A splendidly realized account of fate and circumstance, richly narrated with a good ear for the music of history and...

First-novelist Karnezis (stories: Little Infamies, Feb. 2003) works out a nice improvisation on the classic Homeric themes of exile and cunning—here, as played out in the aftermath of the disastrous 1922 Anatolian war.

Brigadier Nestor, a has-been officer addicted to morphine and still grieving over the death of his wife a year before, is stranded in Turkey with a squadron of Greek soldiers. They have lost the war and may soon end up prisoners—or victims—of the Turks unless Nestor finds a way to get them home.

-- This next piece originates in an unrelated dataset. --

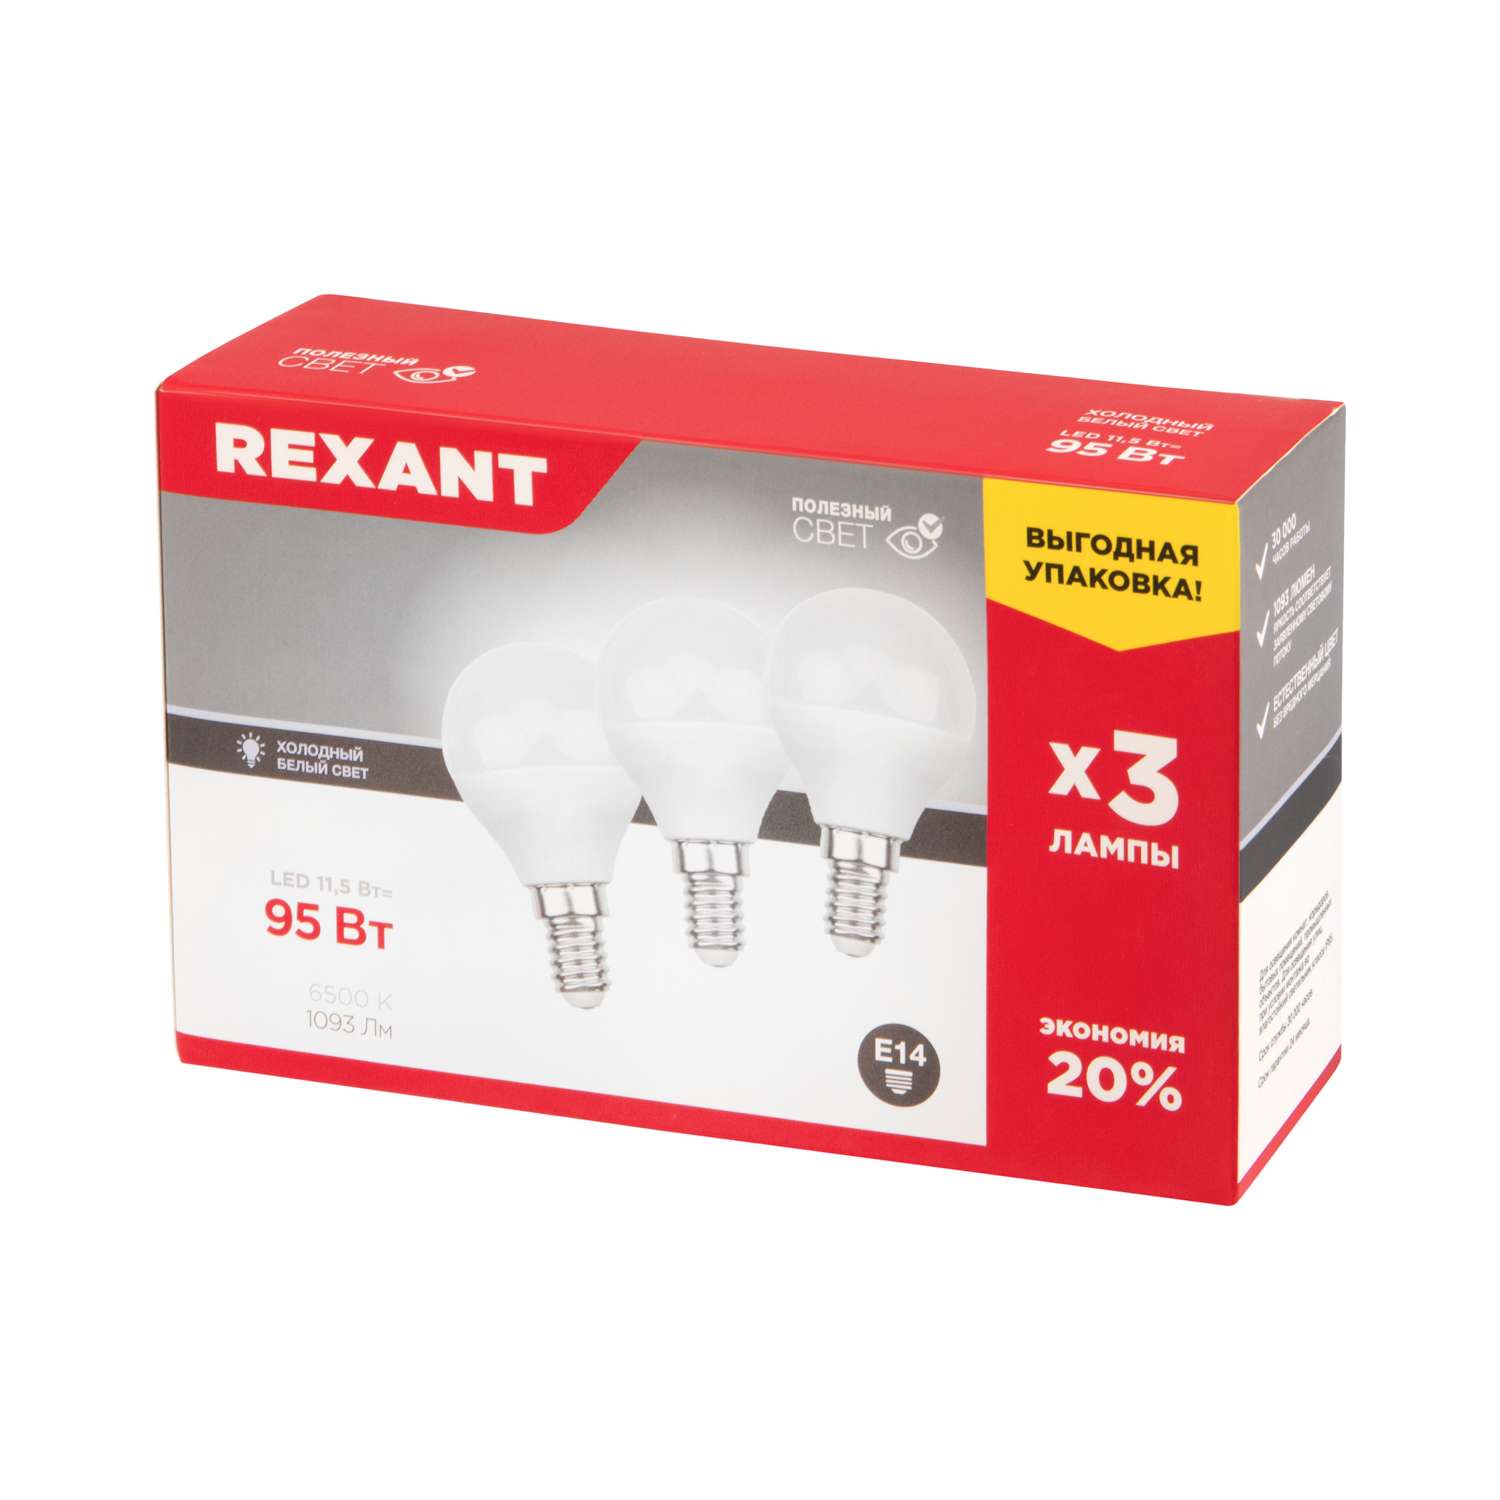 Лампа REXANT светодиодная Шарик GL 11.5Вт E14 1093Лм 6500K холодный свет 3 штуки - фото 2
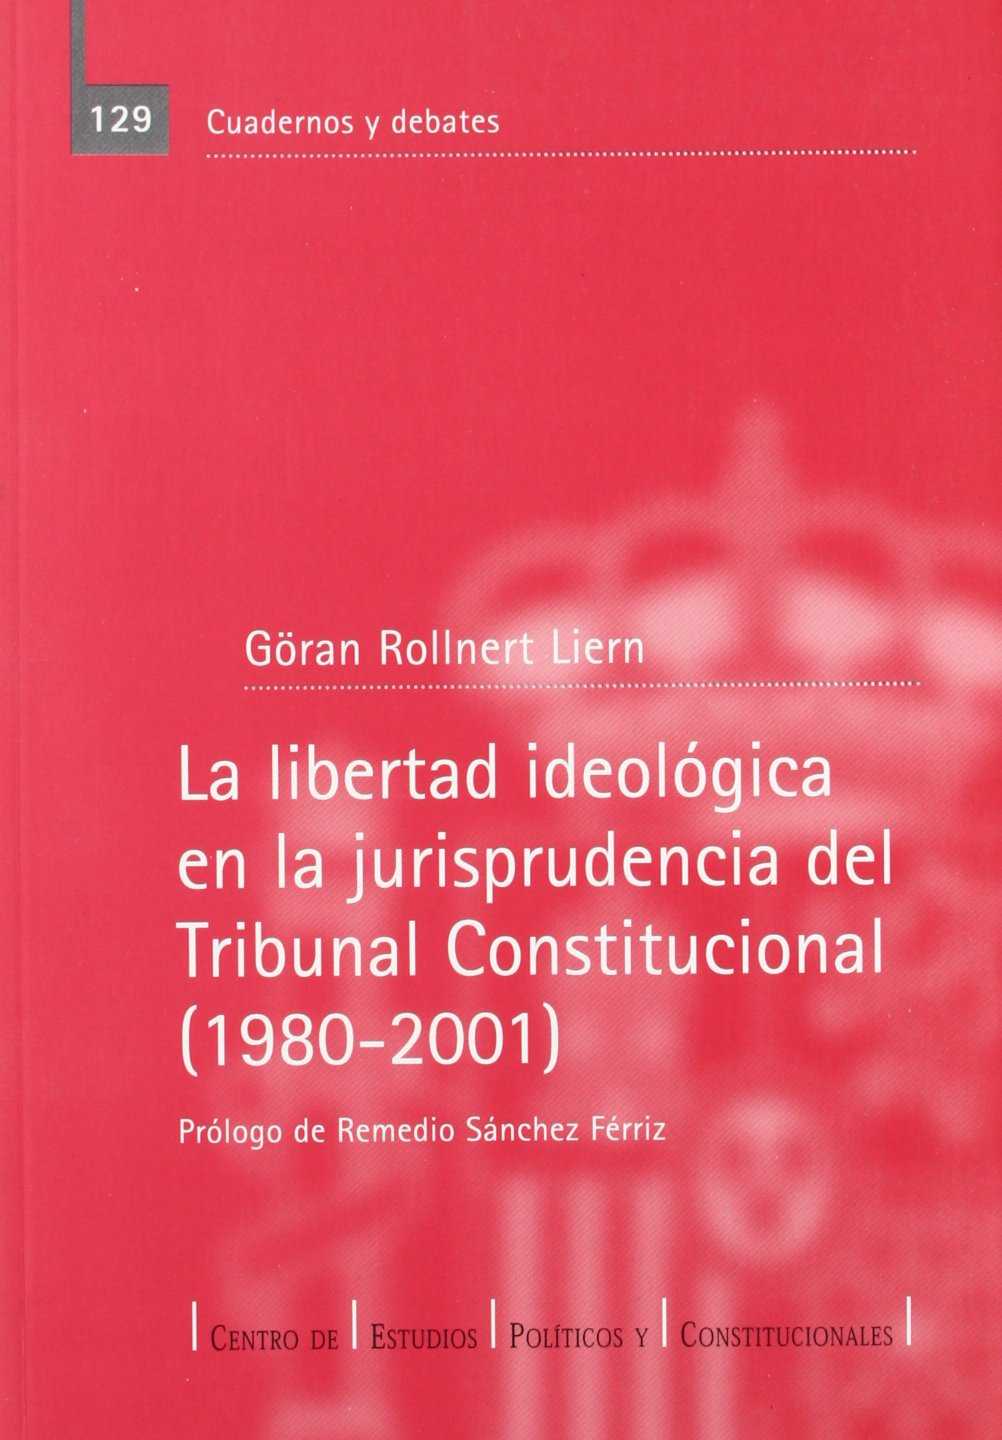 La libertad ideológica en la jurisprudencia del Tribunal Constitucional (1980-2001)

Order is breaking down: theft is rampant (even Nestor’s cigars have been pinched), food is short (the men are living on nothing but cornmeal), corruption is endemic (the chaplain has to bribe the cook for communion wafers), and there are signs of mutiny brewing (Communist leaflets appear mysteriously in the barracks day after day). One of the men deserts, and soon after a prize stallion breaks loose and bolts from the corral. In pursuit of the horse, the troops discover an almost deserted Greek village and proceed to set up camp there in relative safety. They also capture the deserter and uncover the Communist agitator. It looks as though Nestor is on the way to restoring order in the ranks until the chaplain, under pressure from a local prostitute he has set out to redeem, intervenes and attempts to stop the executions. Under ordinary circumstances Nestor would hear out the good father’s pleas and carry on, but this time the chaplain has two strong cards to play: a massacre of Turkish prisoners that Nestor authorized some time back, and a luckless foreign correspondent stranded in the village who hasn’t filed a story in months. The fortunes of war, it seems, can shift as quickly as the sands of the Anatolian desert.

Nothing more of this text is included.